Mars helicopter Ingenuity has a dead sensor but its team aims to keep flying

The Perseverance rover and its helicopter companion, Ingenuity.
NASA's Perseverance rover and Ingenuity helicopter on Mars. (Image credit: NASA/JPL–Caltech/MSSS)

Ingenuity, the small helicopter that accompanied NASA's Perseverance rover to Mars, was designed to make just a handful of flight tests after the duo landed in the Red Planet's Jezero Crater in February 2021. 

Since then, Ingenuity has far exceeded design expectations, with 28 flights under its belt. However, conditions in Jezero Crater have changed since the craft's arrival. 

Ingenuity took its first flight in April 2021, during springtime in the Jezero area. Now, winter temperatures, which can drop to around minus 112 degrees Fahrenheit (minus 80 degrees Celsius) at night, are impelling changes in Ingenuity's activities and software to keep the vehicle functional through the colder season. 

Related: 1 year later, Ingenuity helicopter still going strong on Mars

As temperatures decreased over the past several weeks, operators at NASA's Jet Propulsion Laboratory (JPL) in Southern California began putting Ingenuity to sleep every night as a way of protecting its systems from the harsh conditions.
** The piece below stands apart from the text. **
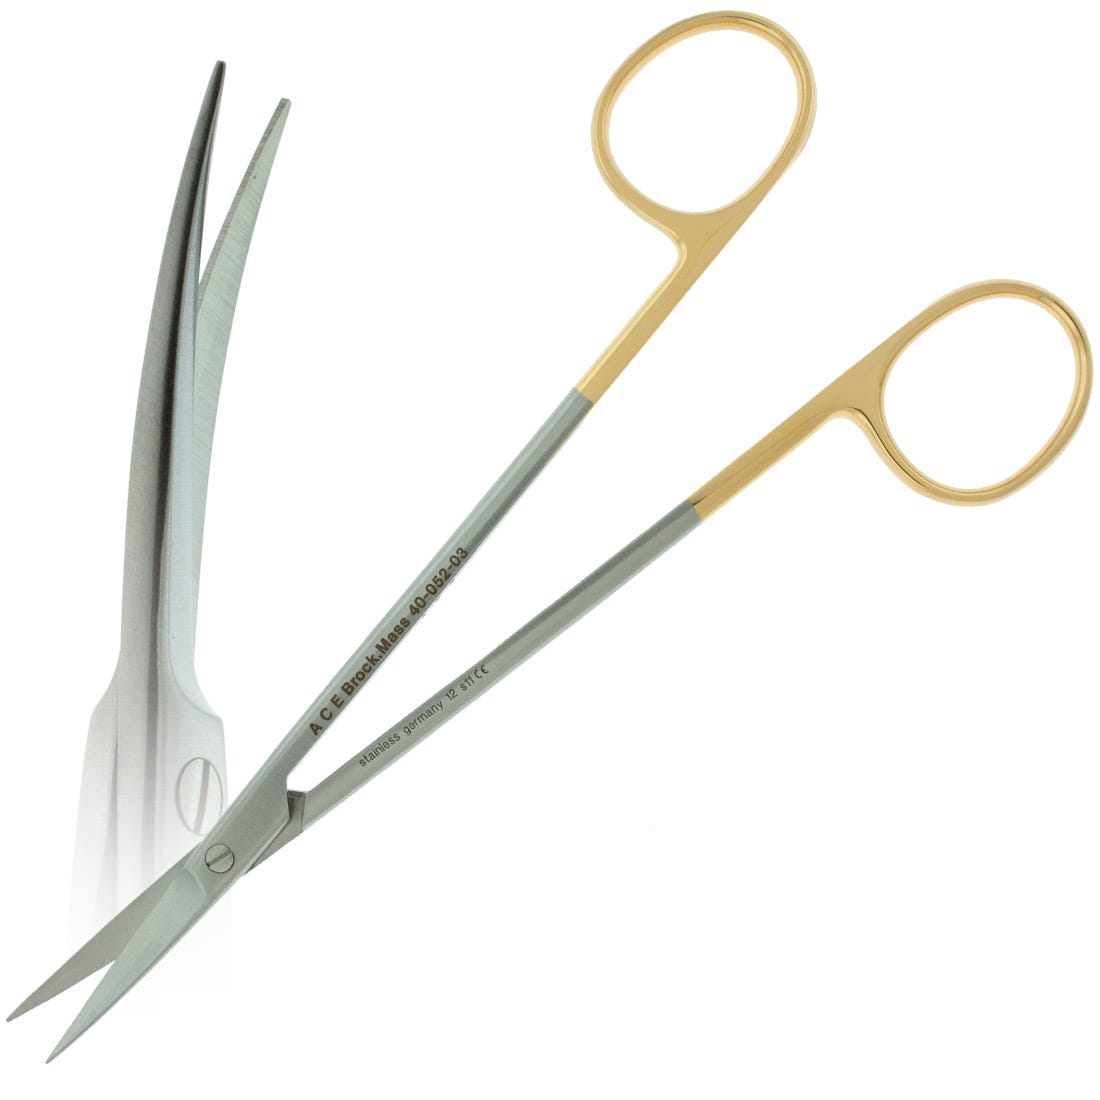 ACE Kelly Scissors, curved, tungsten carbide tips

Even so, extreme fluctuations between day and night temperatures have caused stress on Ingenuity's components, and recent diagnostics revealed a failure in the vehicle's inclinometer, one of its navigational sensors, mission team members announced in a status update on Monday (June 6).

The inclinometer is responsible for supplying Ingenuity's flight software with gravimetric data prior to takeoff. This data allows Ingenuity to determine its position relative to the downward pull of Mars' gravity and enables calculations of the vehicle's roll and pitch prior to takeoff, Ingenuity chief pilot Håvard Grip of JPL explained in the status update. Without this initial data, the vehicle's software cannot determine proper orientation for Ingenuity during flight. But Grip and his colleagues think a redundancy in the helicopter's sensor array may allow them to keep Ingenuity flying. 
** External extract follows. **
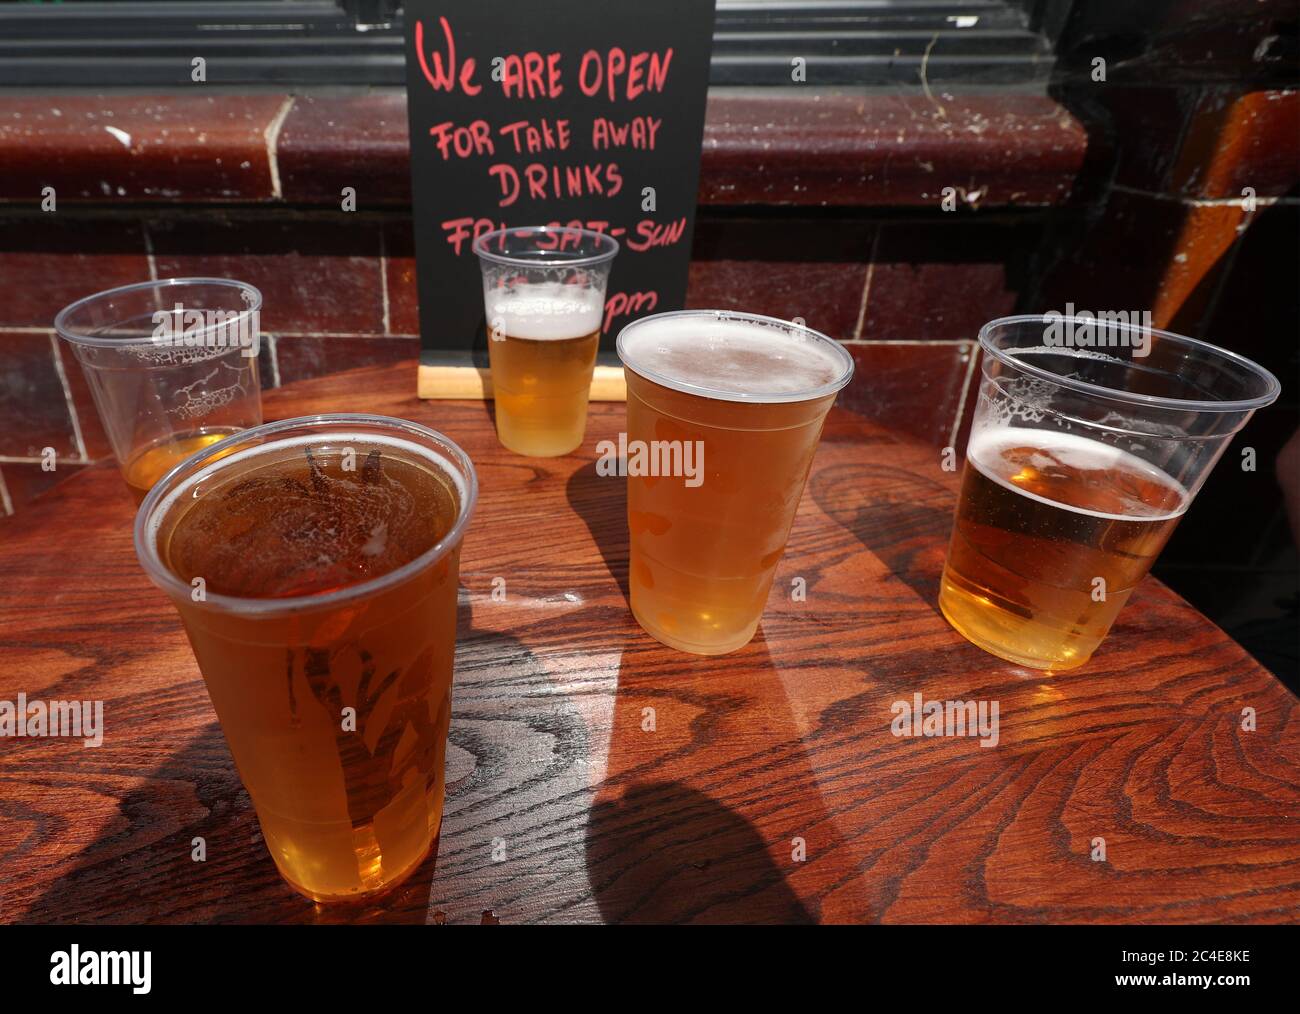 Takeaway pints of beer outside Charrington's Noted Ales And Stout pub in London, as further coronavirus lockdown restrictions are lifted in England. Stock Photo

Redundancy is the name of the game for NASA engineers, even when it comes to technology demonstrators with short life expectancies such as Ingenuity. Mission team members had envisioned a possible inclinometer failure under a number of various hypothetical scenarios, so they were ready with a software patch to address the issue well before the rover/copter duo's arrival on Mars last year. 

In addition to the inclinometer, the helicopter's navigational sensors include an inertial measurement unit (IMU) to measure acceleration and angular velocities, a laser rangefinder to measure altitude and a camera for taking pictures during flight. 

Both the inclinometer and the IMU operate using accelerometers to determine orientation. However, the inclinometer does not operate during flight, only during preflight. With the inclinometer no longer functioning, the Ingenuity team aims to doubly purpose the accelerometer in Ingenuity's IMU to collect preflight gravitational data, as well as in-flight inertial awareness. 

Officials at JPL have indicated the software patch will take several sols (Martian days) to completely upload and will be followed by another round of vehicle diagnostics. 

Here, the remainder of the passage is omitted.